──────── RECORDS PROVIDED ────────

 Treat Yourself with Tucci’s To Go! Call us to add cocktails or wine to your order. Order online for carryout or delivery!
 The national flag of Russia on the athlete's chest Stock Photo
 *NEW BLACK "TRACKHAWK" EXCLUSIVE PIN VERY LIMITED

────────
──────── RECORDS PROVIDED ────────

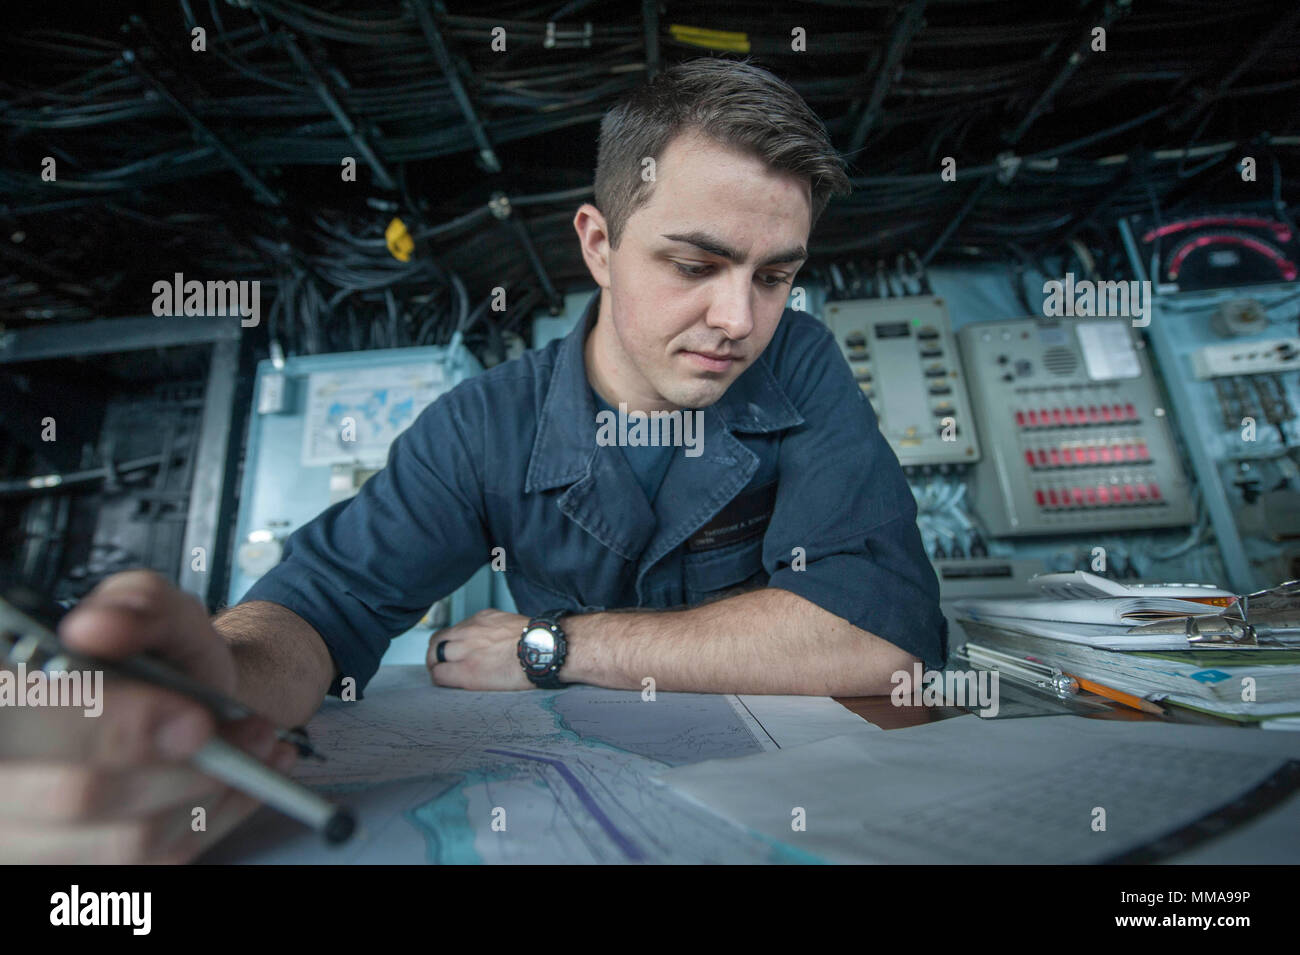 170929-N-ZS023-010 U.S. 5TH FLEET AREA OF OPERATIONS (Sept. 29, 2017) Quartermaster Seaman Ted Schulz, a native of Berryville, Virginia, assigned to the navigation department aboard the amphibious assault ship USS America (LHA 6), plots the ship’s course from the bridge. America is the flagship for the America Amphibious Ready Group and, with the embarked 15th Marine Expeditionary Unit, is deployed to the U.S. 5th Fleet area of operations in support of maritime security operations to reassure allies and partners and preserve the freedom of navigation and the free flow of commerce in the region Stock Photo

────────
──────── RECORDS PROVIDED ────────

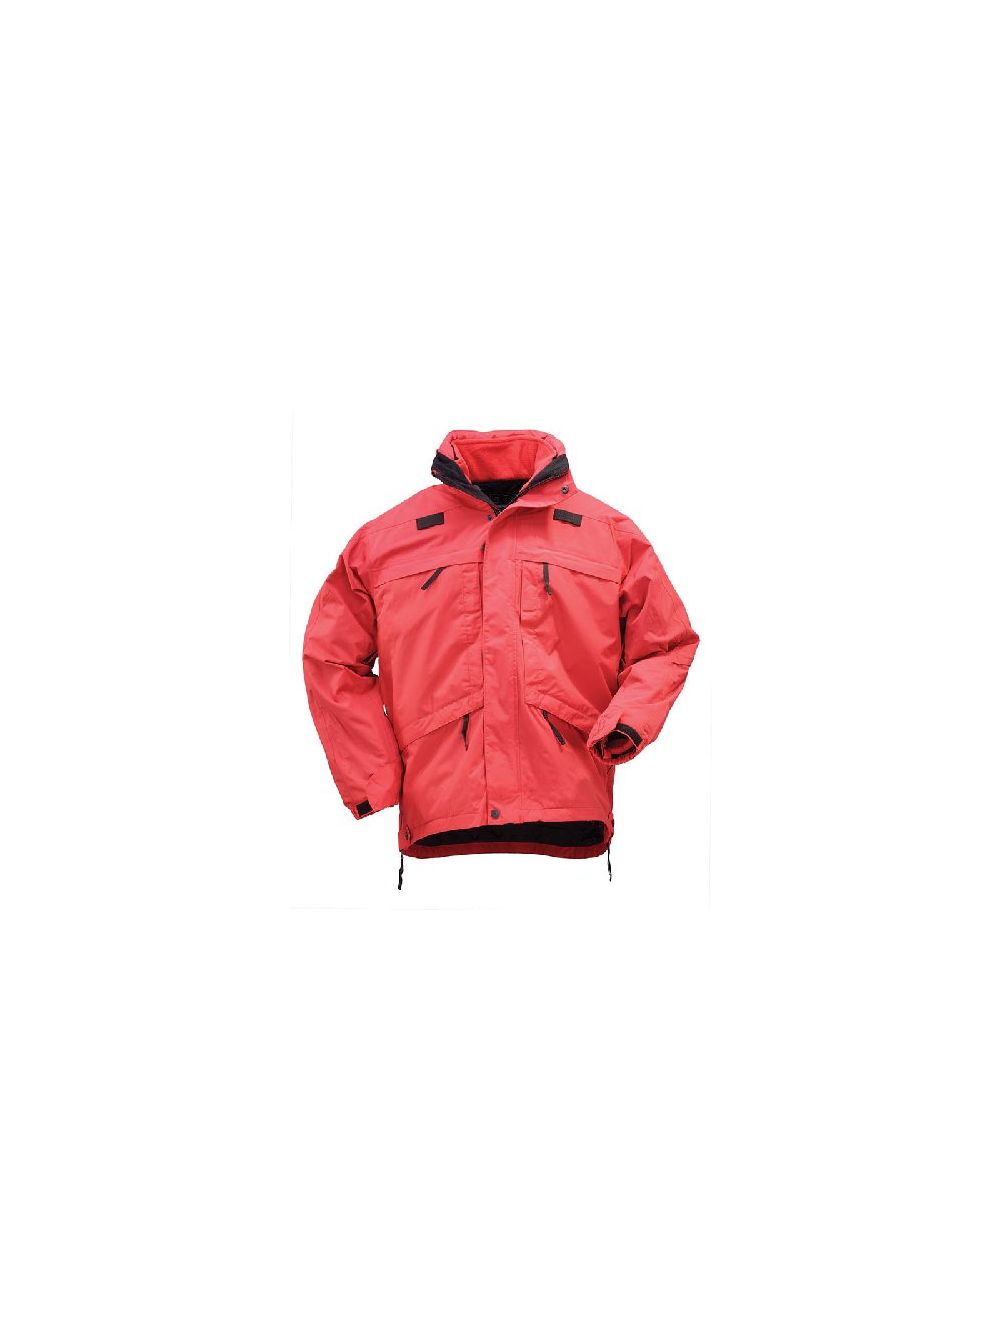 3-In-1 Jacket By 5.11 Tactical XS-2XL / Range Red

────────

• TASK TO COMPLETE
Above are the entries. Copy exactly the part that opens with the line containing "The national flag" and closes with the line containing "PIN VERY LIMITED", and no more.

• OUTPUT
 The national flag of Russia on the athlete's chest Stock Photo
 *NEW BLACK "TRACKHAWK" EXCLUSIVE PIN VERY LIMITED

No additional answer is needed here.